Page 332 describes an example of how once-known knowledge was lost because nobody wrote it down (emphasis theirs):
The synthetic blue pigment discovered in 1704 CE was not actually the world’s first artificial pigment! It was the first one Europeans came up with but back around 3000 BCE the Egyptians—also annoyed at how expensive grinding up lapis lazuli was—managed to produce an artificial version of the color by combining under heat some quartz sand, copper, calcium carbonate, and alkaline ash. This technique was used for thousands of years, but by 400 CE, every single person who’d known how to make it had died without telling someone else the technique or writing it down, and the knowledge of how to make an inexpensive substitute for one of the most expensive colors on the planet was lost. Everyone: this is what happens when you keep really important knowledge a secret and then die.

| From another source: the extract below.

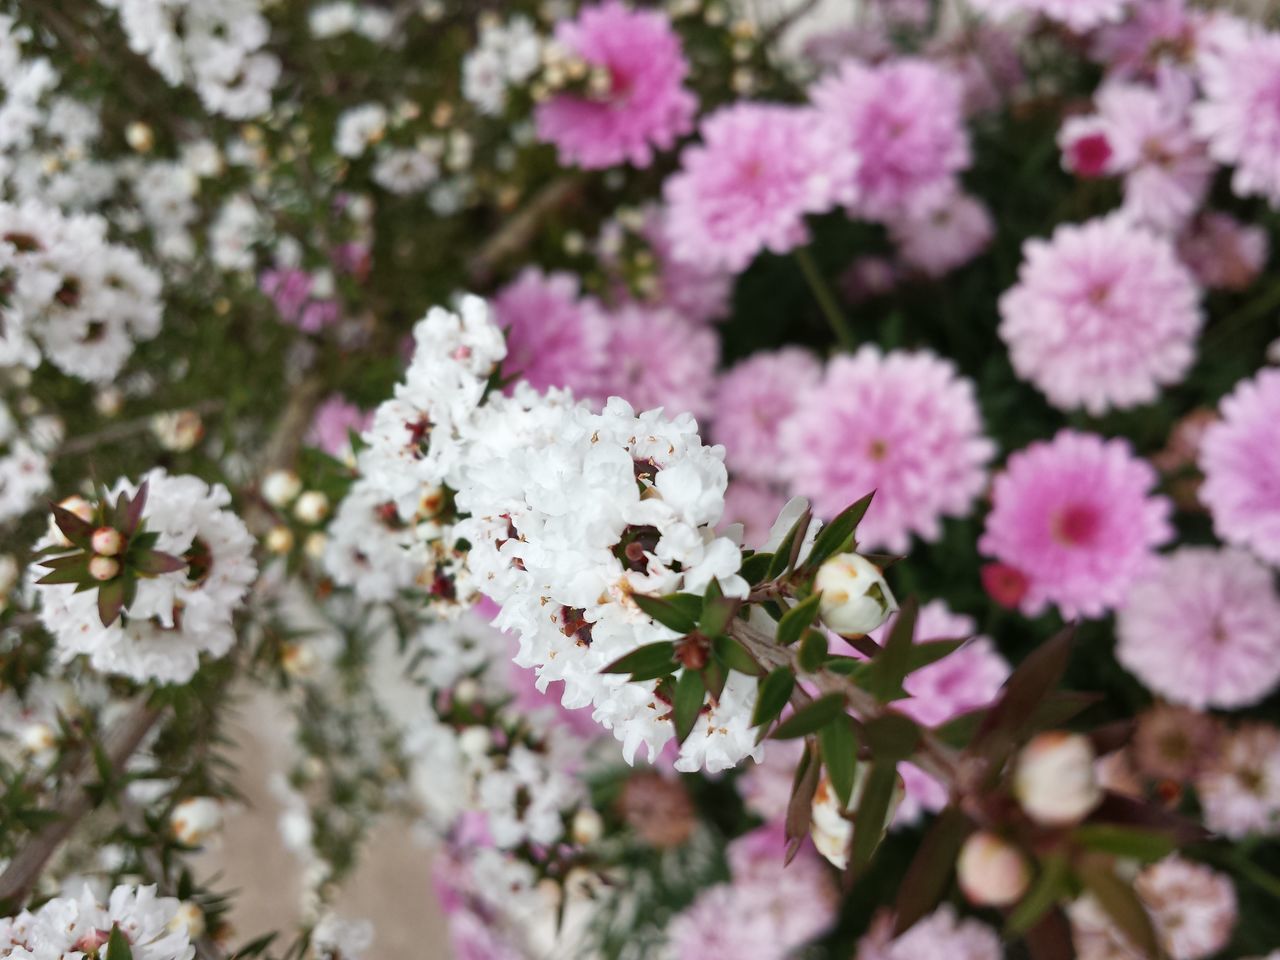 flower, freshness, fragility, growth, petal, beauty in nature, pink color, nature, blooming, flower head, focus on foreground, close-up, in bloom, plant, blossom, park - man made space, outdoors, selective focus, day, white color

Page 342 has a good explanation of wind instruments, and an illustration that helps me understand trumpet valves in a way I never have before:
Wind instruments are a bit more complex to invent: here you’re relying on the vibration of air inside a resonating tube to produce noise. You alter the pitch of your noise by changing the length of that column of vibrating air, either by having a bunch of different tubes (as in a pan flute, having a slider built into the tube (trombones, slide whistles), or by pressing valves to reroute air through additional passages to create a longer tube (trumpets, tubas). These valves look like this:

Valves for musical instruments Page 348 describes the history of piano keys, a story I hadn't heard before:
You can see that even though we’ve got twelve notes in an octave, some are on white keys and given lettered names (A, B, C, D, E, F, G) while others are on black keys and get labeled as flats or sharps (A♯, B♭, etc.). This is for historical reasons: early pianos used a seven-note scale that only included the lettered notes, so when the other notes that brought us to twelve were bolted on later, it was as tiny black keys.